Blasket islander was spot on about long-finned pilot whale

SOME 350 pilot whales frequent the deep food-rich waters between Tenerife and La Gomera, writes Richard Collins.
Blasket islander was spot on about long-finned pilot whale

Although these ‘blackfish’ approach the coast occasionally, they are seldom seen from the shore. Nor is it easy to find them in the vast ocean but, with excellent visibility and calm seas last week, our boat soon homed in on a pod.

Unlike dolphins, pilot whales don’t approach boats or ride bow-waves, though they’re not afraid of people and don’t flee when approached. The whales accepted our intrusion; a trusting female came right up to us but the big males ignored the boat as it drifted silently among them.

Another group of islands, the Blaskets, came to mind as I watched. A hundred years ago Tomas Ó Criomhthain, in An tOileánach, described a stranding incident there. The victims, he wrote, were dolphins “with their great fins sticking up out of the water, all of them close together”. This description suggests that they were pilot whales, a species which occasionally becomes stranded on Irish beaches.

Ó Criomhthain wasn’t wrong; the long-finned pilot whale is actually a large dolphin. Males can be over seven metres in length, females a metre or two less. The pectoral fins are unusually long; hence the creature’s full name. You couldn’t mistake a pilot for a bottle-nosed or common dolphin; the dorsal fin is sickle-shaped and curved backwards.
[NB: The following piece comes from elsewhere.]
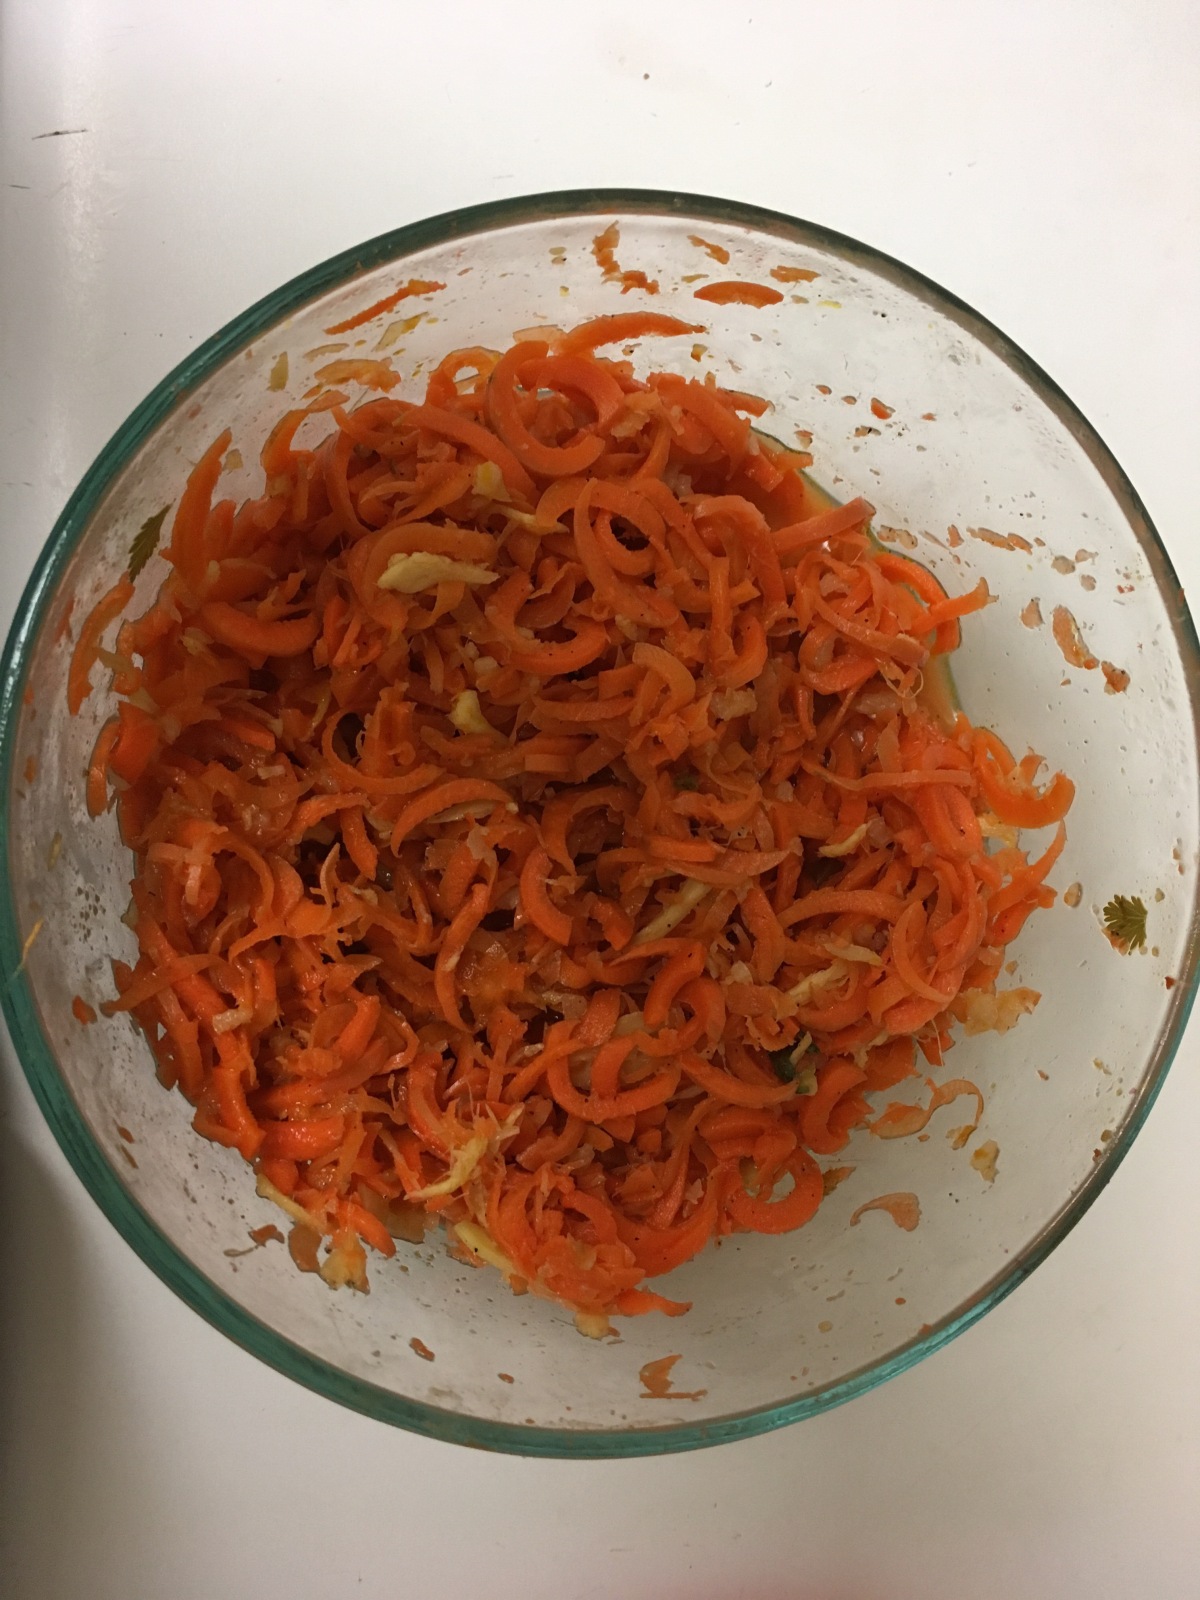 Carrot kimchi, a Korean banchan recipe

The blunt bulging forehead houses the creature’s extraordinary echo-location system; in 2014, HS Mortenson and colleagues claimed a typical pilot whale has about 37,200,000,000 neo-cortical neurons. Human females have 19,000,000,000 and men have 23,000,000,000. ‘For the first time, we show that a species of dolphin has more neocortical neurons than any mammal species studied to date, including humans’, they wrote. The pilot whale’s ‘songs’ squeaks and buzzing sounds are much studied but still not understood.
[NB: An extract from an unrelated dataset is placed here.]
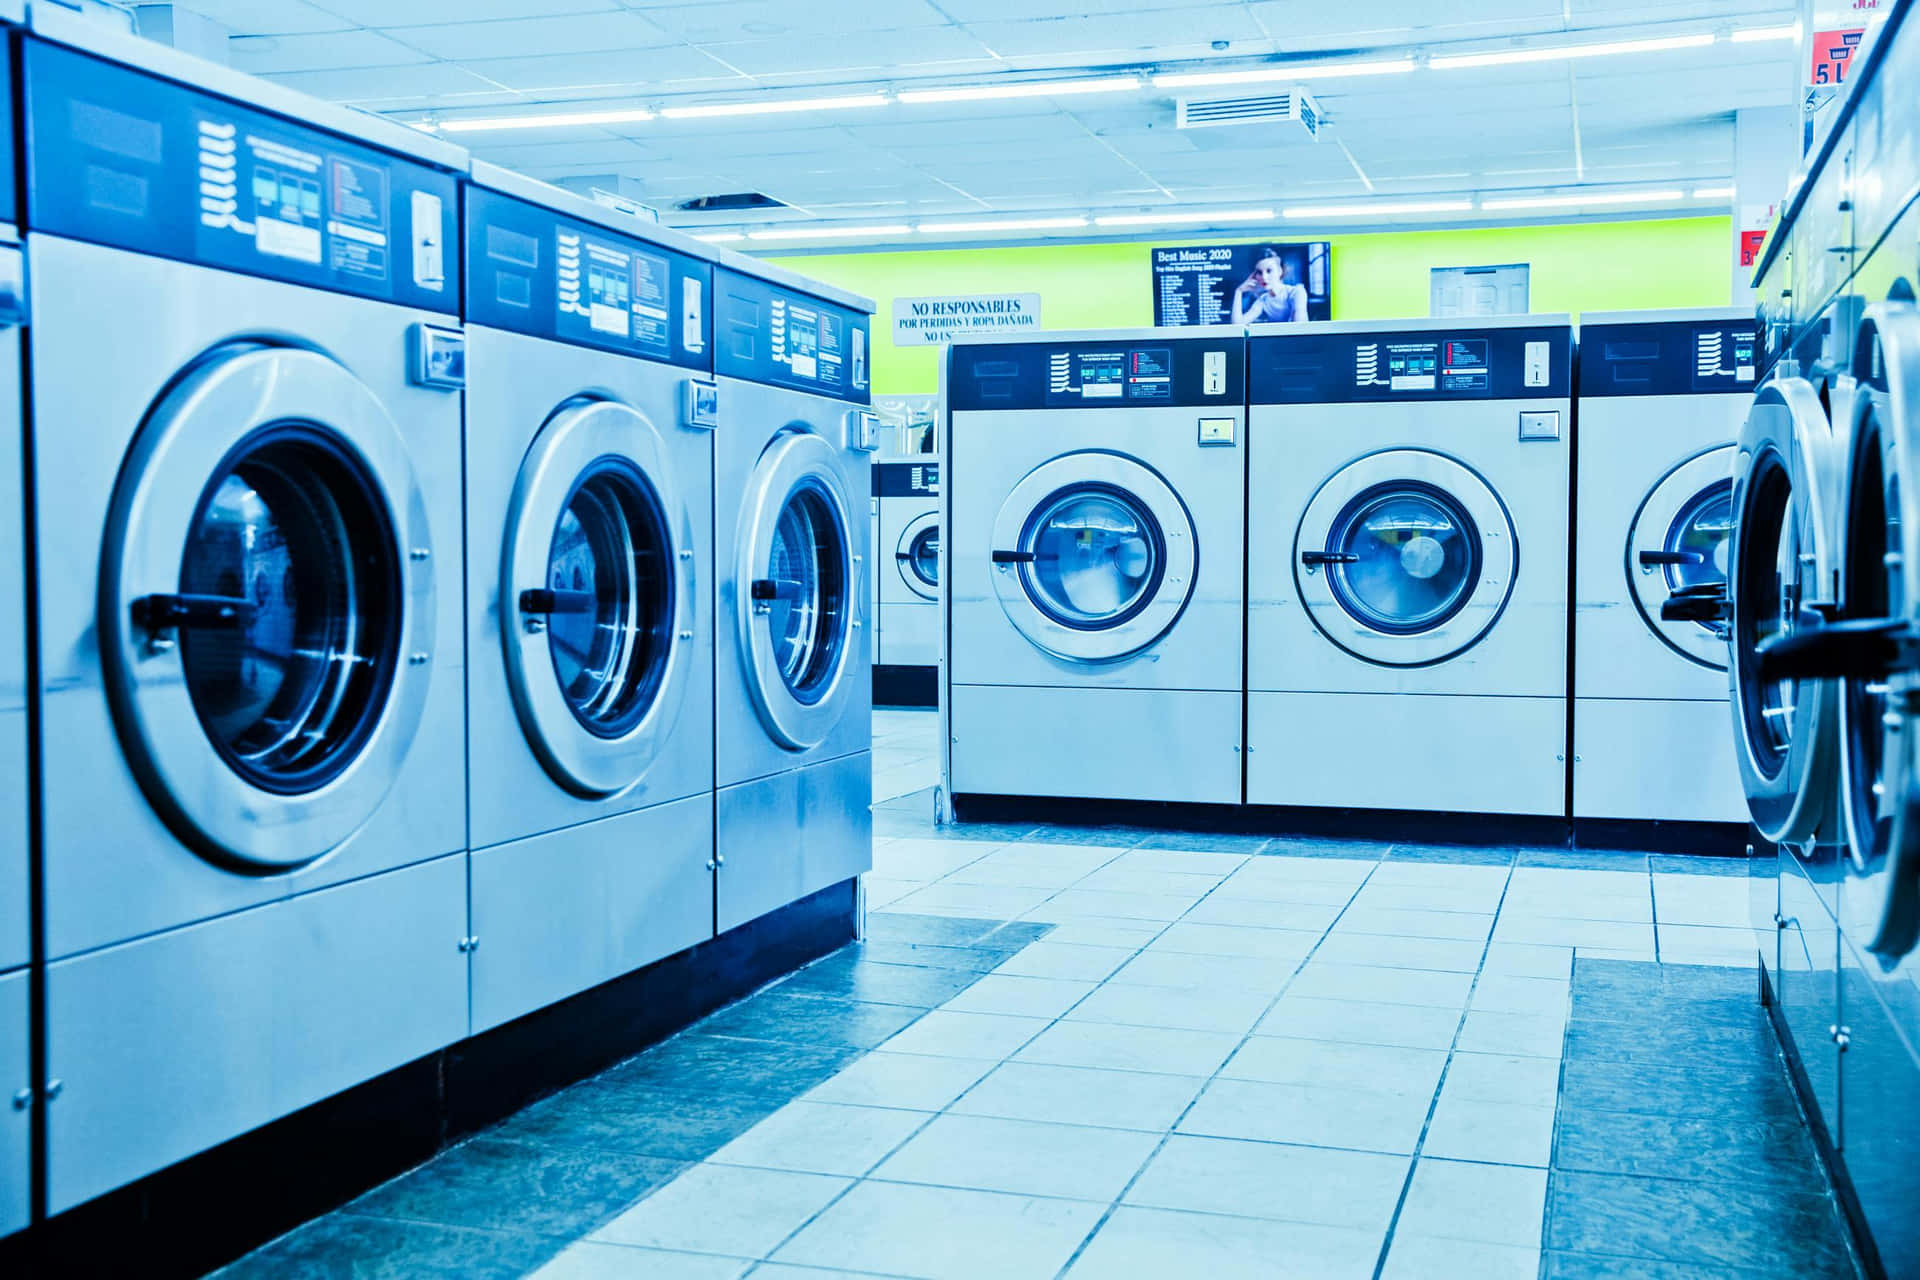 Laundromat Rowof Washing Machines

The highly sociable ocean wanderers move in tight formations led by a leader, the ‘pilot’ which gives the species its name. It’s said the whales sleep so close to each other that their pectoral fins touch. Pods usually have 15 to 200 members, although schools of up to 3,000 have been reported. I couldn’t say how many were around our boat off Tenerife, perhaps a few dozen.

Females seem to rule the roost. Although males remain members of the pod in which they were born, they seldom breed with females of their own group. A sort of ‘incest taboo’ dictates they visit other pods to consort with females in ‘love-them-and- leave-them’ encounters. This arrangement promotes genetic diversity and ensures incest is avoided. The females of only three mammal species undergo menopause; humans, orcas and pilot whales.
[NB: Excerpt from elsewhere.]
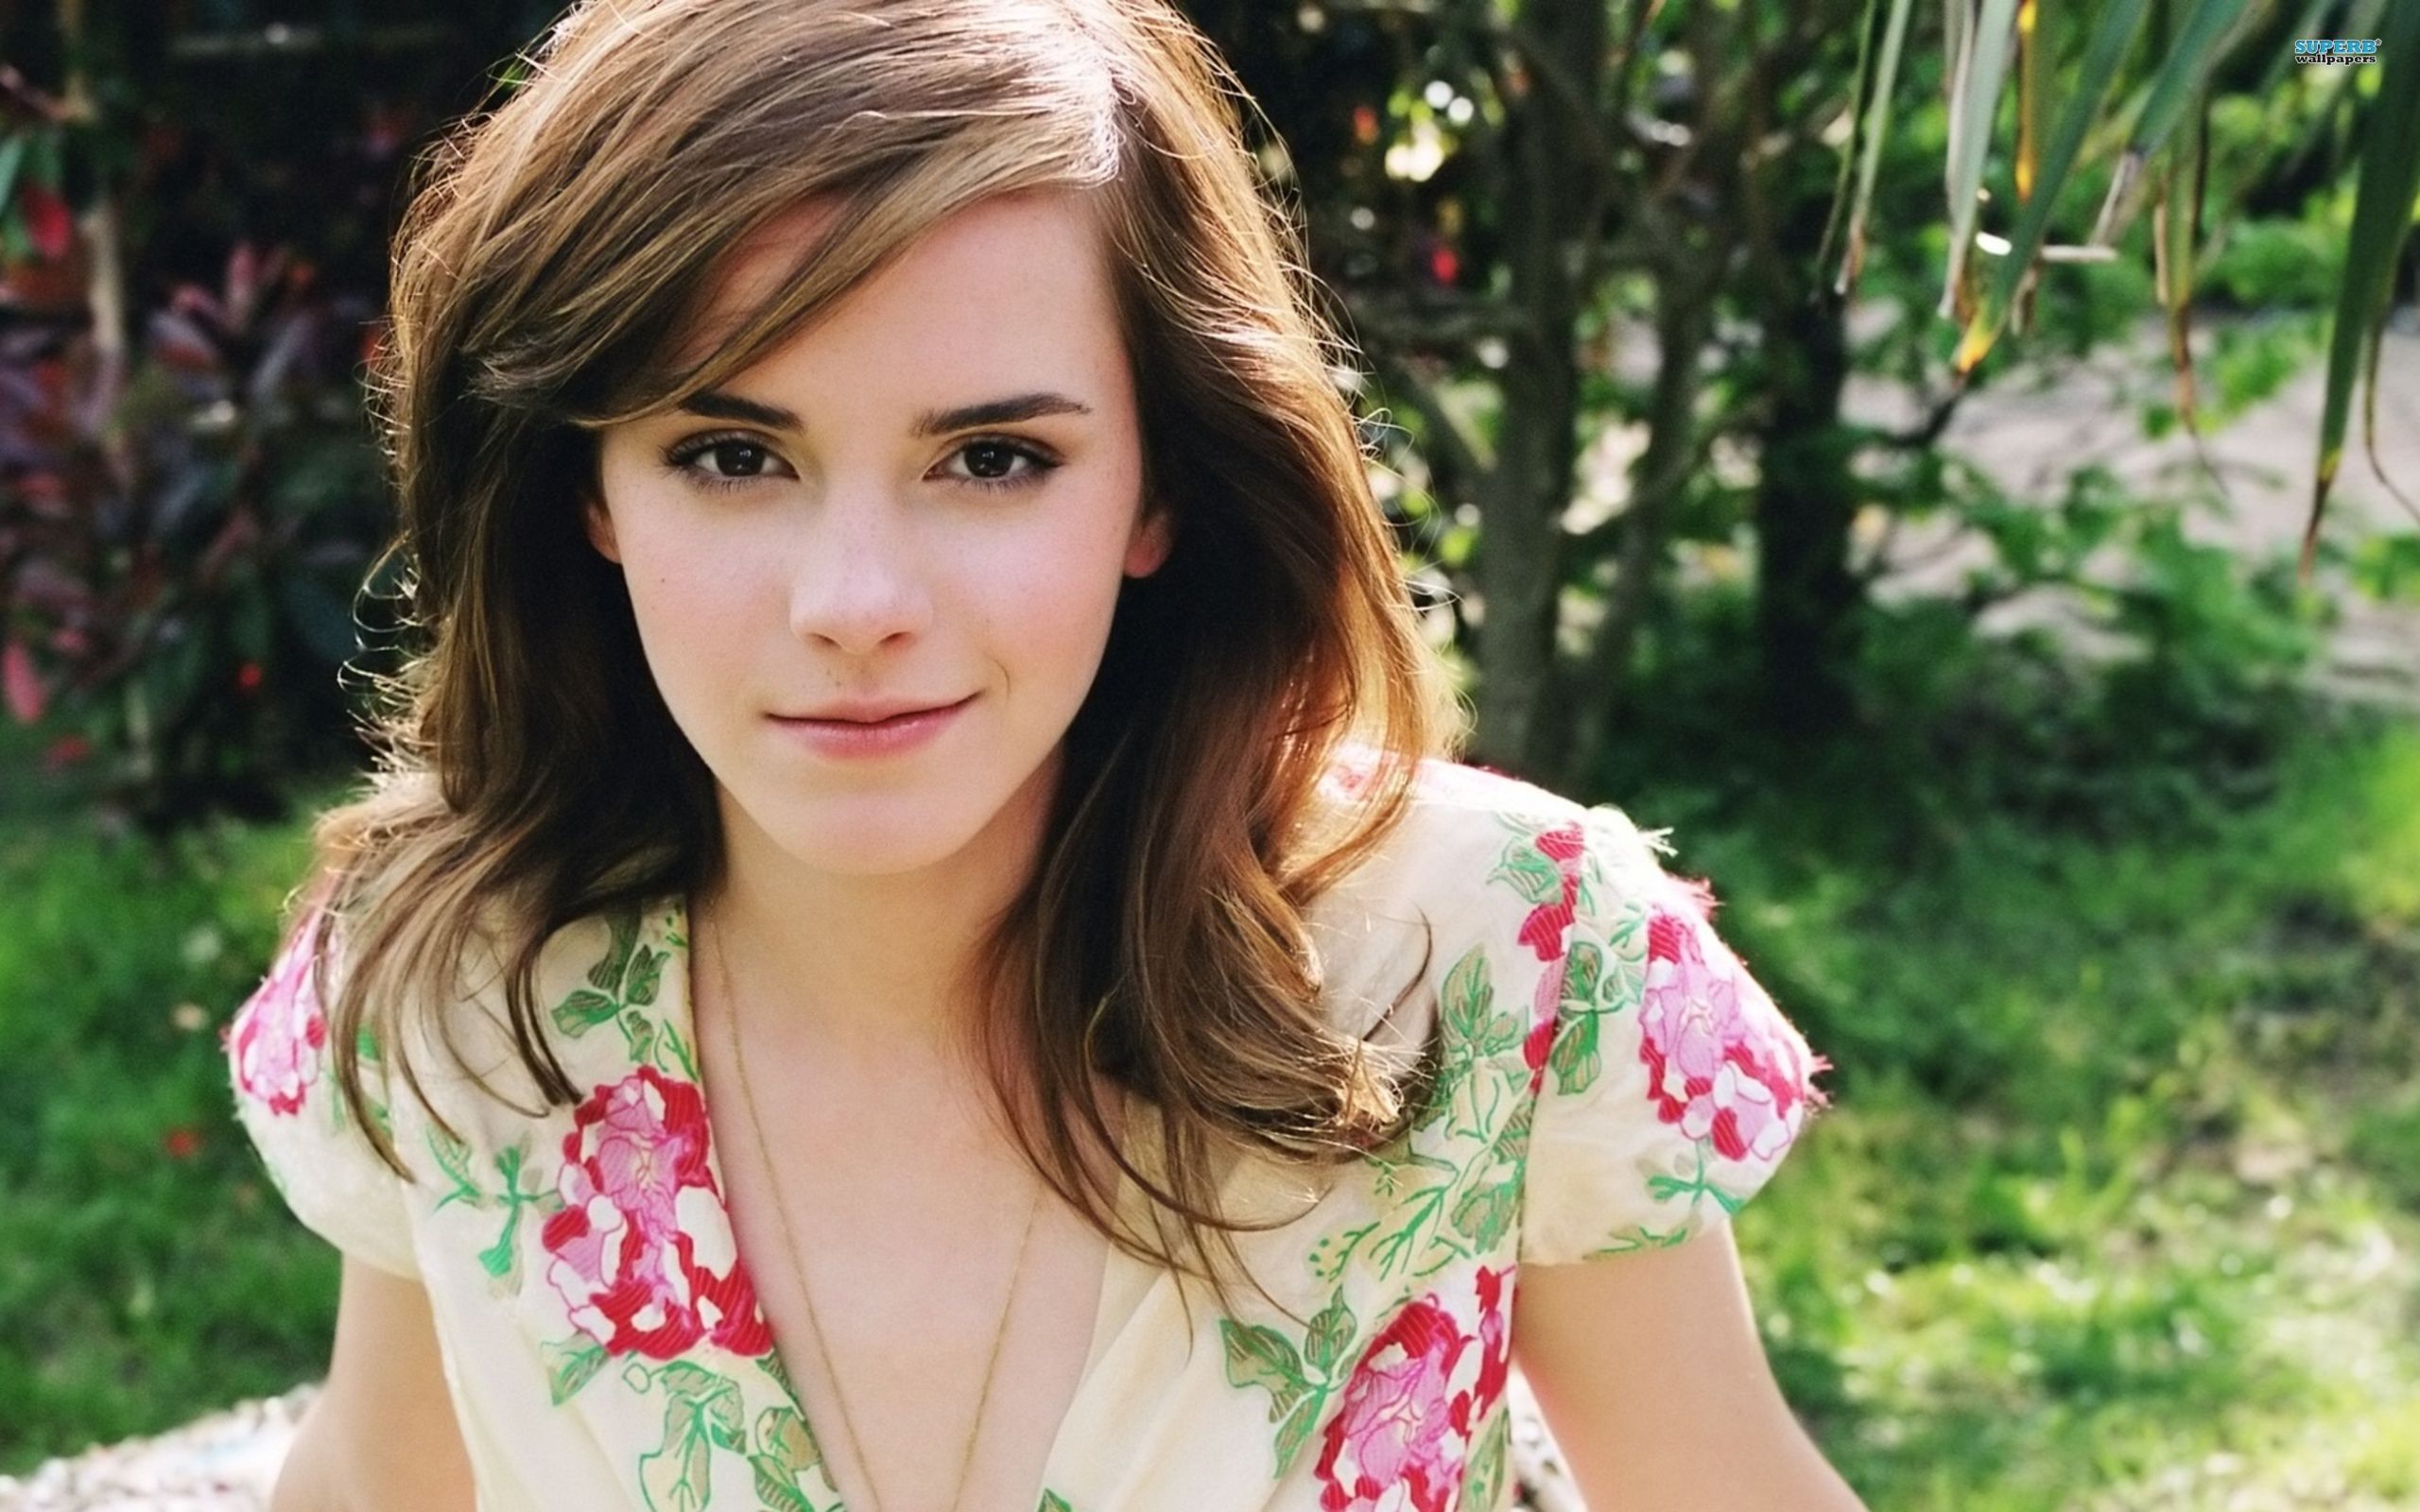 Emma Watson Hd K Wallpapers Wallpaper Cave

The pilot probably decides where the pod goes. Dictatorship, alas, has its weaknesses; a ‘dear leader’, despite the adulation of his or her subjects, can get things wrong. Was ‘pilot error’ responsible for the disaster described by Ó Criomhthain and countless other such incidents. Nobody knows why these tragedies occur but difficulty navigating in shallow waters seems to be a factor. Pilot whales, deep-water creatures, may be ‘out of their depth’ when venturing too close to shore. If a confused leader takes a wrong turning or two, the entire pod may end up beached.

Parasites or ear infections might impair a leader’s judgement. Submarine detection systems, or depth-charges detonated in naval exercises, could produce sounds loud enough to damage a whale’s sensitive hearing. Pollution may also be implicated; toxic substances have been detected in whale tissues.

However, human factors may not be entirely responsible; strandings were recorded since 1704. Evolution has provided the pilot whale with remarkable abilities but it seems also to have saddled it with a fatal ‘design fault’.

Mortensen HS et al. Quantitative relationships in delphinid neocortex. Frontiers in Neuroanatomy. 2014.